In [1]:
%load_ext autoreload
%autoreload 2

# Langfuse + Ragas

## Prepare the Data

In [2]:
from datasets import load_dataset

fiqa_eval = load_dataset("explodinggradients/fiqa", "ragas_eval")['baseline']
fiqa_eval

Dataset({
    features: ['question', 'ground_truths', 'answer', 'contexts'],
    num_rows: 30
})

## Score with Trace

In [6]:
import json

with open("../.envvals") as f:
    env_vals = json.load(f)

In [3]:
ENV_HOST = "https://cloud.langfuse.com"
ENV_SECRET_KEY = ""
ENV_PUBLIC_KEY = ""

In [4]:
from langfuse import Langfuse
 
langfuse = Langfuse(ENV_PUBLIC_KEY, ENV_SECRET_KEY, ENV_HOST)

In [25]:
row = fiqa_eval[0]

In [28]:
from ragas.metrics import faithfulness, answer_relevancy

Score each time you make a trace with langfuse.

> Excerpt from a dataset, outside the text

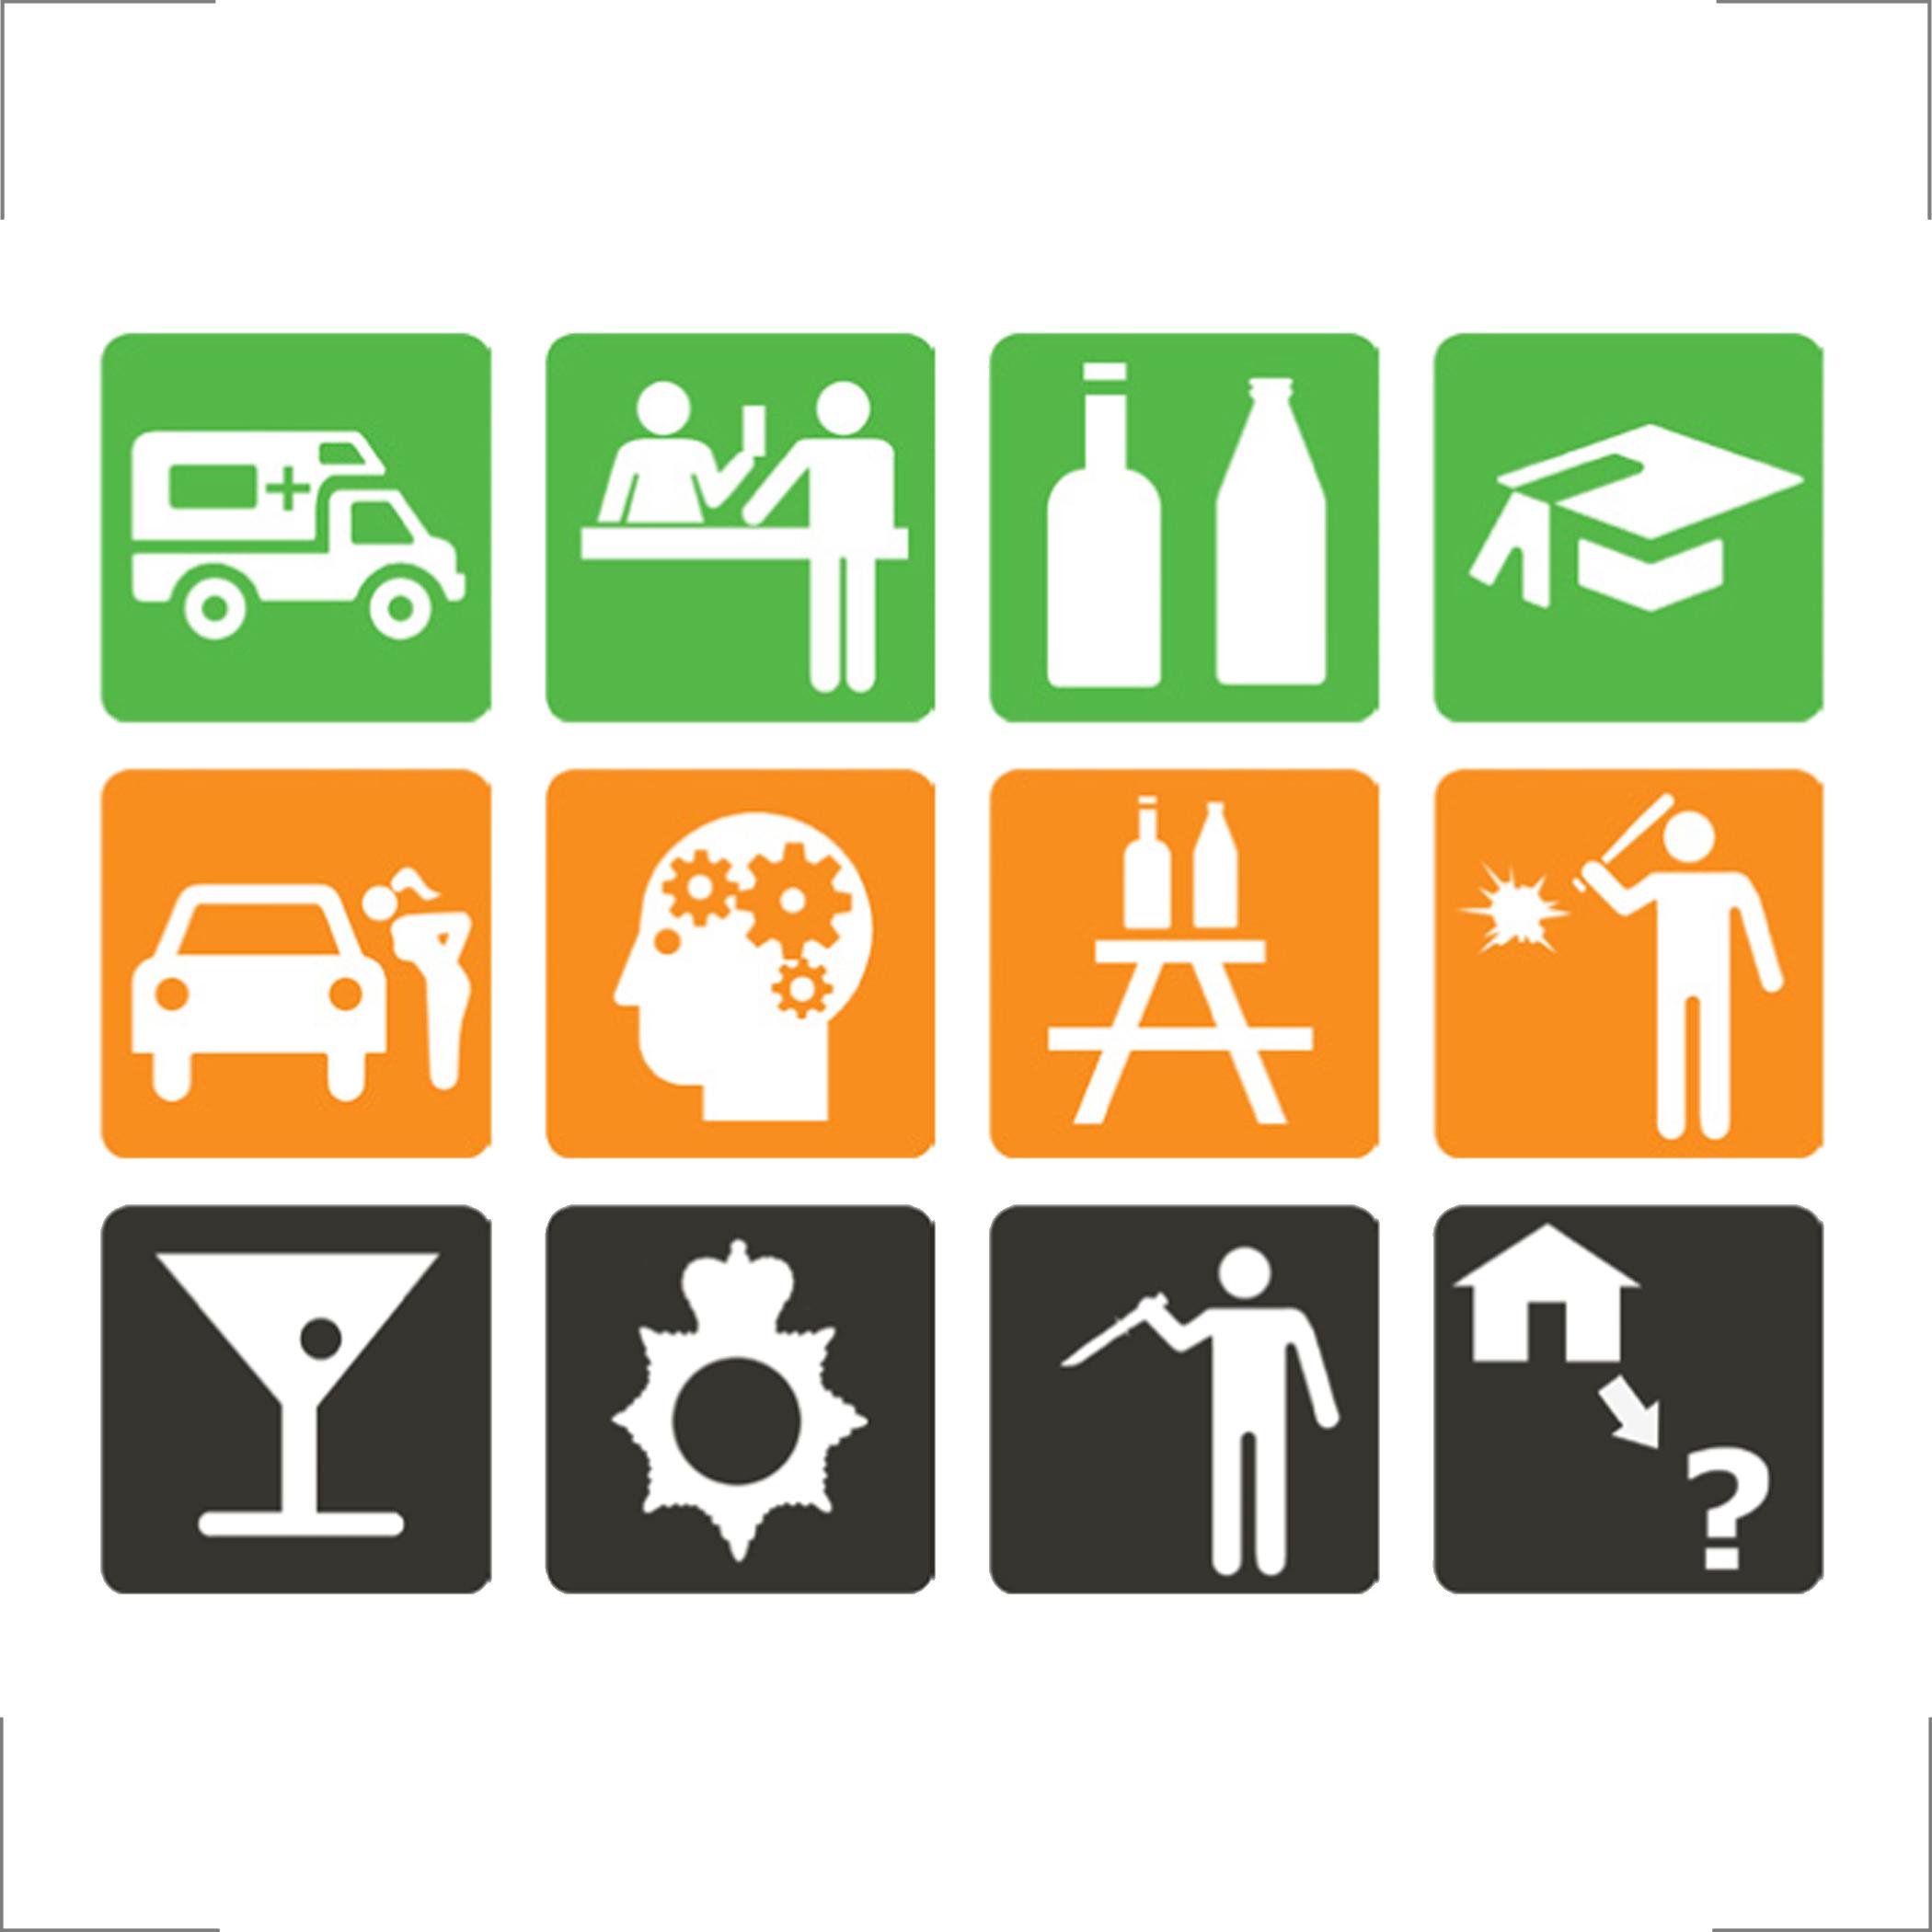 Behaviour coding icons

We can also put this this the `TaskManager` and run scoring as in the other thread so that its not a blocking call for the user.

**TODO: add scoreing to `TaskManager`**

In [34]:
from langfuse.model import CreateTrace, CreateSpan, CreateGeneration, CreateEvent, CreateScore
 
trace = langfuse.trace(CreateTrace(name = "rag"))
trace.span(CreateSpan(
    name = "retrieval", input={'query': row['question']}, output={'chunks': row['contexts']}
))
trace.span(CreateSpan(
    name = "generation", input={'contexts': row['contexts']}, output={'answer': row['answer']}
))

faithfulness_score = faithfulness.score_single(
    {'question': row['question'], 'contexts': row['contexts'], 'answer': row['answer']}
)
answer_relevancy.init_model()
answer_relevancy_score = answer_relevancy.score_single(
    {'question': row['question'], 'answer': row['answer']}
)

In [38]:
trace.score(CreateScore(name='faithfulness', value=faithfulness_score))
trace.score(CreateScore(name='answer_relevancy', value=answer_relevancy_score))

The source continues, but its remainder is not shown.